A 'new phenomenon' known as thermal expansion caused World Trade Centre 7 to collapse September 11, 2001. This is the conclusion of a report released by an investigative team headed by Dr Sivaraj Shyam Sunder, director of Buildings and Fire Research Laboratory at the Nationals Institute of Standards and Technology in Gaithersburg, Maryland.
This was the first known instance of fire causing the total collapse of a tall building, the report said.
'Heating of floor beams and girders caused a critical support column to fail, initiating a fire-induced progressive collapse that brought the building down.'
Dr Sunder says his team has set to rest many conspiracy theories about the fall of the building. After six year of investigation and spending millions of dollars, the report also suggested ways to prevent future tragedies, many of which are already part of building codes in many countries.
The team had completed the investigation on the collapse of the WTC Tower-1 (North Tower) and WTC Tower 2 (South Tower) two years ago. What remained was the 47 story WTC 7, which was not hit by a plane. It collapsed seven hours after the north and south towers collapsed.
The team found that a failure to fireproof the building was the main cause for the fall of the north and south towers. For WTC-7, the investigators found the new phenomenon.
'We conducted the study without bias, without interference from anyone. We have only one single-minded goal in this effort,' Dr Sunder told a press conference dismissing theories that the tower was brought down by a controlled explosion using explosives.
He said they also looked into this aspect, but found no evidence for that.
Debris falling from the North and South towers caused the fire in WTC-7, about 400 feet away. The fire on six lower floors was very intense as the water supply for the sprinkler system had been cut off. After the water main to the tower was cut off, the building's sprinkler system was unable to function, Dr Sunder said.
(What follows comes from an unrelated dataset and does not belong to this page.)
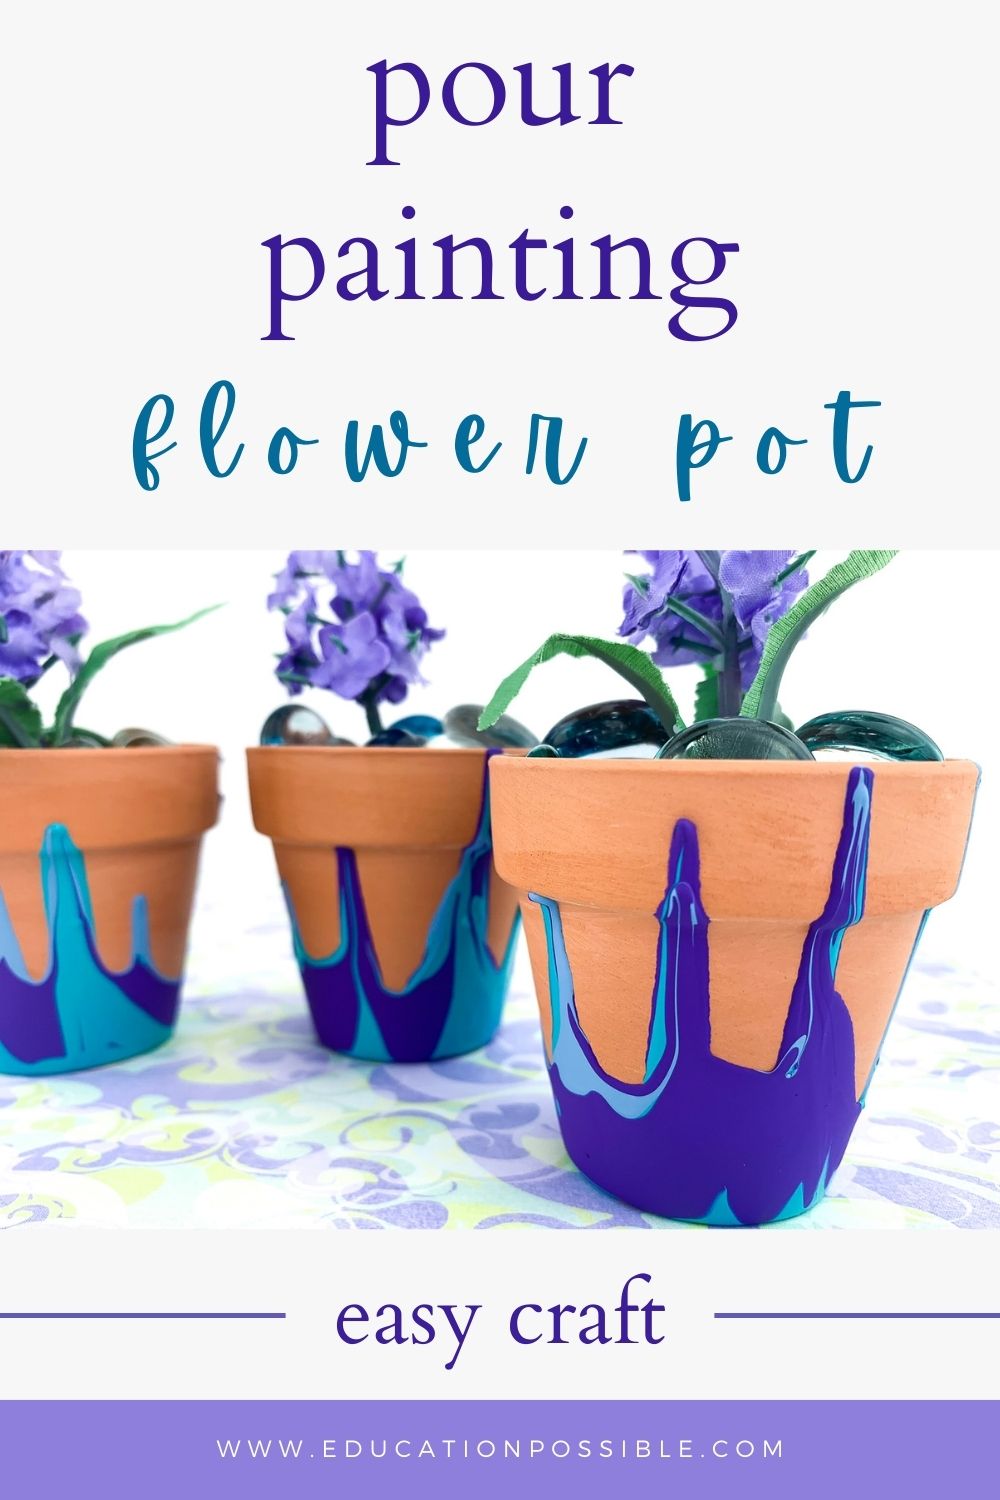 Pour Painting Flower Pot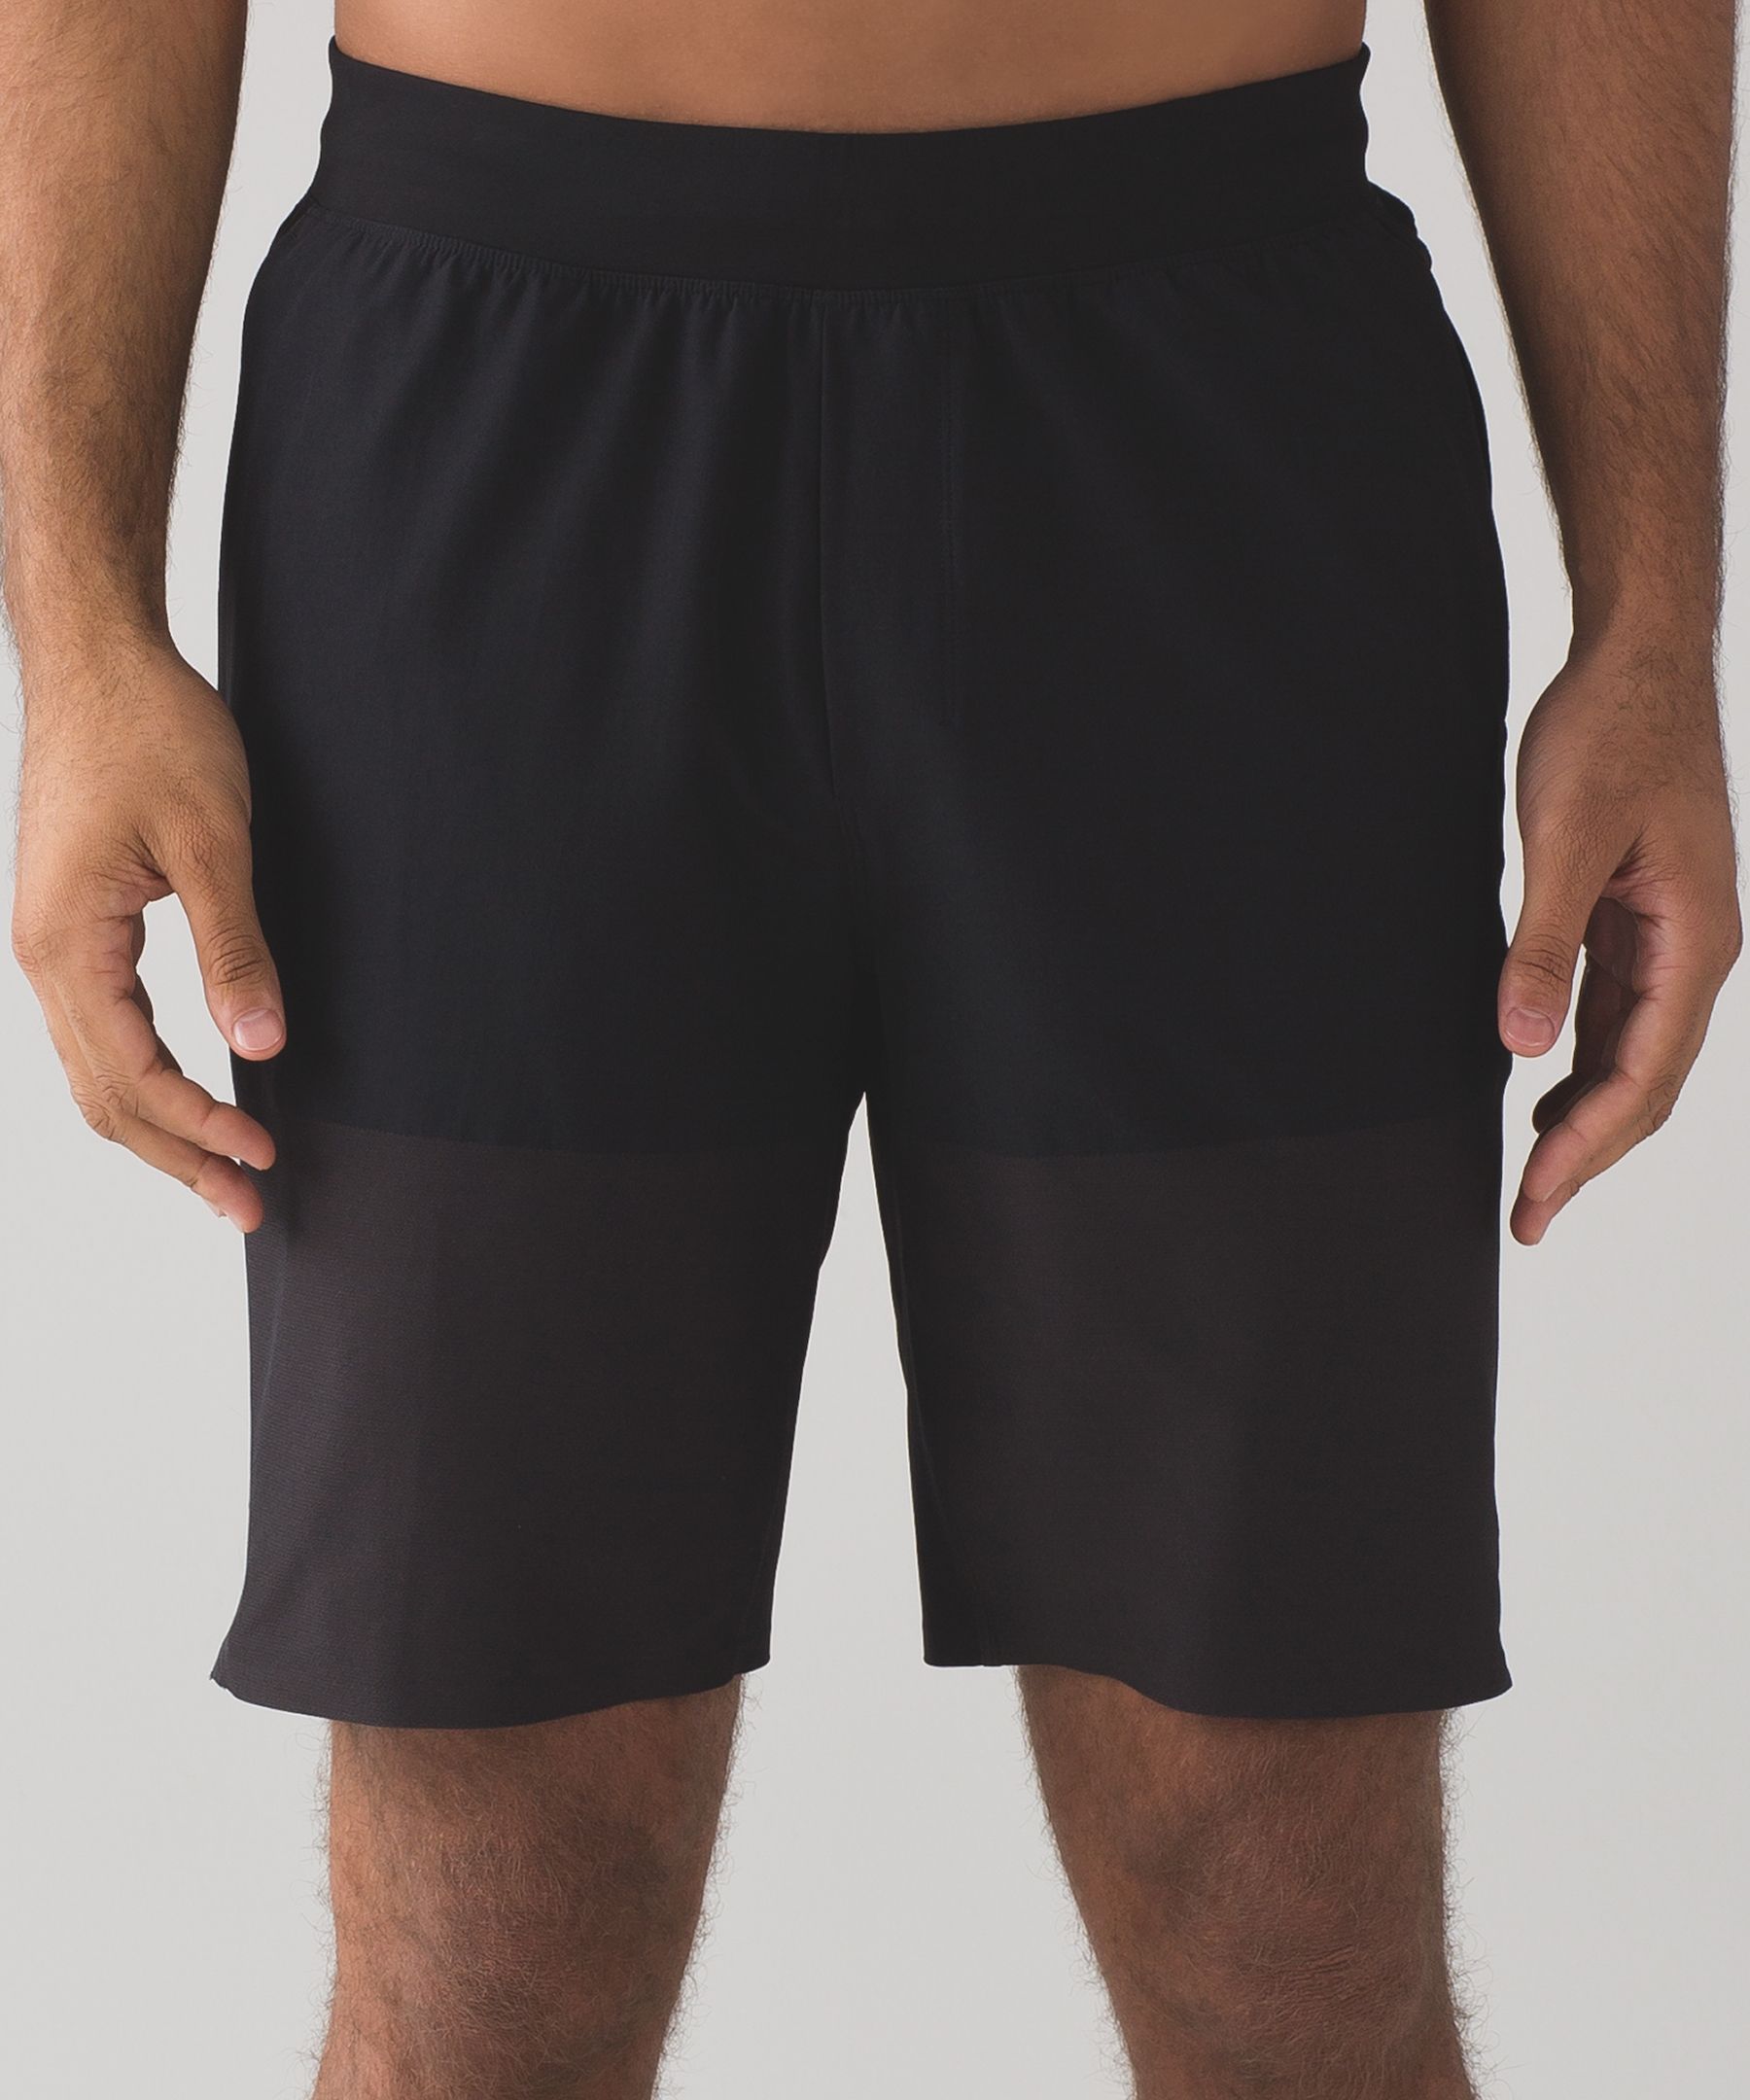 Grind Down Short | Men's Shorts | lululemon athletica

This allowed fires across 10 floors to burn uncontrolled for nearly seven hours. Due to the lack of water supply, an 'extraordinary event' occurred, and steel expanding due to heat from the flames caused columns to separate from structural concrete. Column 79 was the first to fail, which brought about a quick succession of failures in adjoining columns.
'If water had been available, it is likely that sprinklers would have operated and the building may still be here today,' he said.
While fireproofing may have prevented the tower from falling, in this case, the heat from the fire caused girders in the steel floor of 7 World Trade Center to expand. It had a chain effect. The WTC-7 housed the offices of the CIA, FBI, the Secret Service and the New York mayor's emergency operations centre. No one died there.
Many people theorized that the tower was destroyed using a controlled demolition. The video of the fall of the tower too created much suspicion.
"But these conspiracy theories have no validity," Michael Newman, an NIST spokesperson, told rediff.com.
"If there was a blast before the fall of the tower, there would have been materials strewn far and wide. Nobody heard any big sound of a major explosion too," he said.
There were also doubts whether the diesel fuel tanks for the emergency 'bunker' caused the explosion. 'It did not collapse from explosives or fuel oil fires," Dr Sunder said.
Conspiracy theorists have pointed to the fact that the building fell straight down, instead of tumbling, as proof that explosives were used to topple it. The WTC 7 became the first skyscraper in modern times to collapse primarily as a result of a fire.
More doubts were raised because the remains of the tower were removed quickly. The 50-member investigation team set an elaborate computer model of the tower and tested possibilities to figure out what caused the collapse, Dr Sunder said.
The team found that the diesel fuel-fed fire would not have burned hot enough or long enough to have played a major role in weakening the structure. The fire was mainly due to the office paper and furnishings.
A girder on the 13th floor got disconnected from a critical column and several floors gave way, which was not seen from outside. From the outside the collapse may have looked like a sudden implosion, Dr Sunder said. 'The physics is consistent, it is sound, it has been analyzed,' he said.
Investigators also considered the possibility of the use of explosives, Dr Sunder said. If there was an explosion, the sound of it could have been ten times louder than what was actually heard.
He said that interviews with eyewitnesses and a review of video taken that day provided no evidence of a sound that loud just before the collapse. But Sunder said the team did not make a computer model to evaluate whether a thermite-fuelled fire might have brought down the tower -- which critics claim is a crucial flaw.